The purpose of any communication is to ensure that the necessary interactions occur.
ISO requires that both external and internal communication takes place as part of the food safety
management system.
External communication aims to exchange information in order to ensure that any relevant hazard is controlled
at one step through the food chain by interaction, for example,
a) up and down the food chain, for food safety hazard(s) that may not or cannot be controlled by the
organization and which consequently need(s) to be controlled at other steps in the food chain,
b) with customers as the basis for mutual acceptance of the level of food safety required (by the customer),
and
c) with statutory and regulatory authorities and other organizations.
External communication is the method whereby the organization and the external organization agree by
contract or other means upon the level of food safety required and on the capability of delivering to the agreed
requirements. Channels of communication with statutory and regulatory authorities and other organizations
should be established as a basis for providing public acceptance of the level of food safety and for ensuring the
reliability of the organization.
Training of designated personnel in communication skills may be an important aspect as well.
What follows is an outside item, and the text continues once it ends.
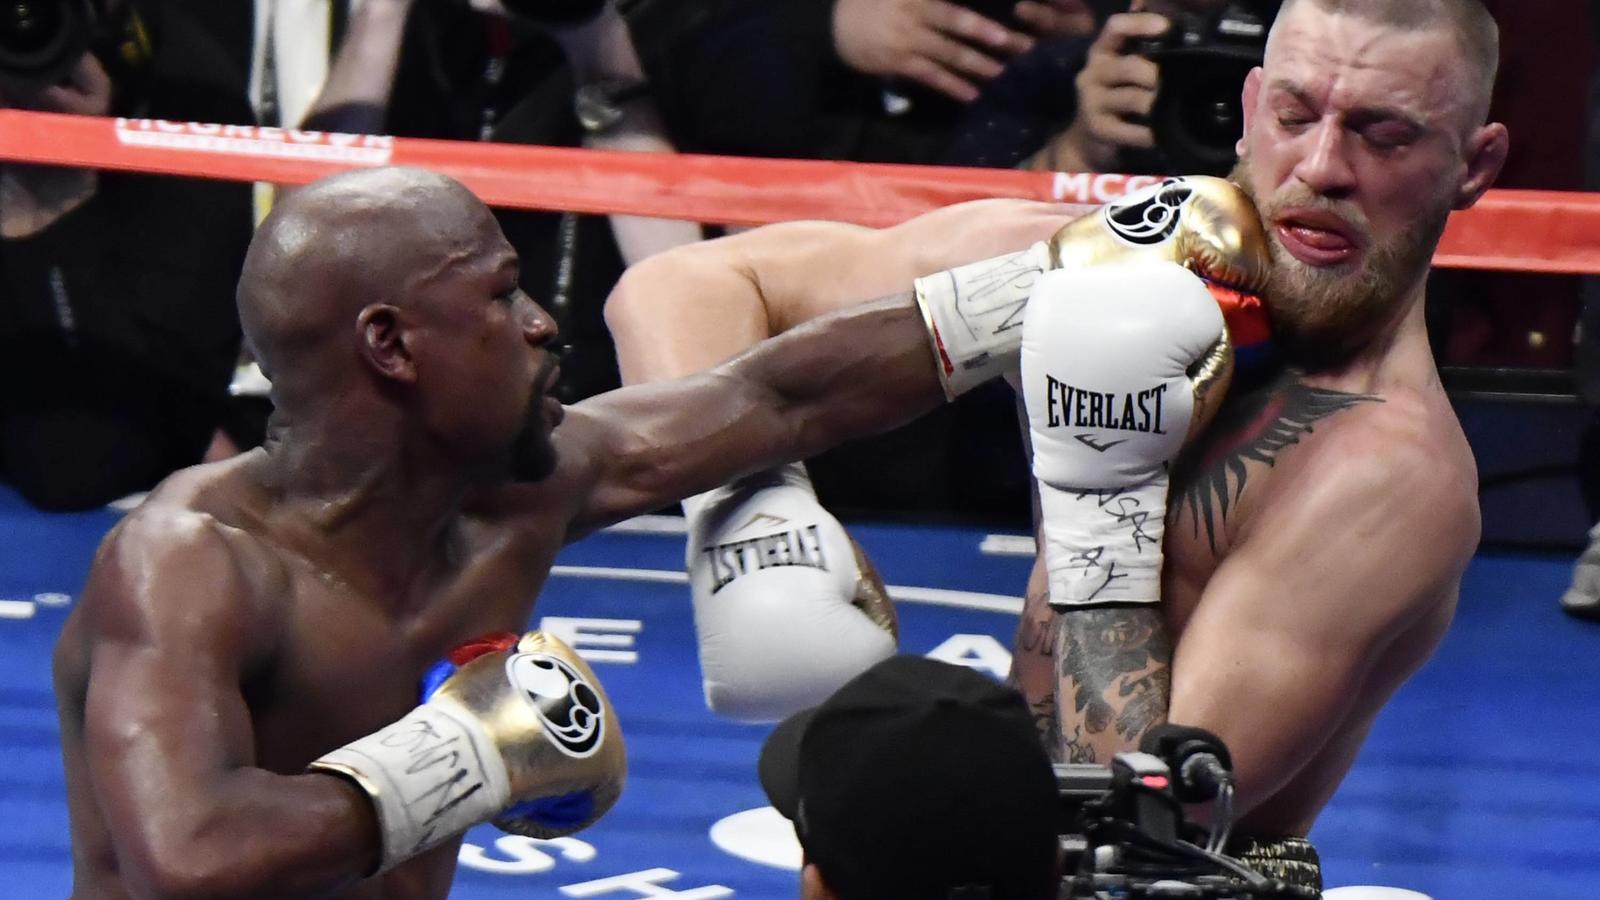 Aug 26,2017. Las Vegas NV. ( IN blk-gld trunks) Floyd Mayweather Jr.goes 10 rounds with Conor McGregor Saturday at the T-Mobile arena in Las Vegas. Floyd Mayweather Jr. took the win by TKO as the fight was stop in the 10th round. This was Floyd s las

The internal communication system of the organization should ensure that sufficient and relevant information
and data are available to all personnel involved in the various operations and procedures. The food safety team
leader has a major role in the area of the internal communication of food safety issues within the organization.
Communication to personnel within in the organization should be carried out in a clear and timely manner on the
development and launch of new products, as well as intended changes in raw materials and ingredients,
production systems and processes and/or customers and customer requirements. In particular, attention should
be given to the communication of changes in statutory and regulatory requirements, new or emerging food
safety hazards, and the method of control of these new hazards.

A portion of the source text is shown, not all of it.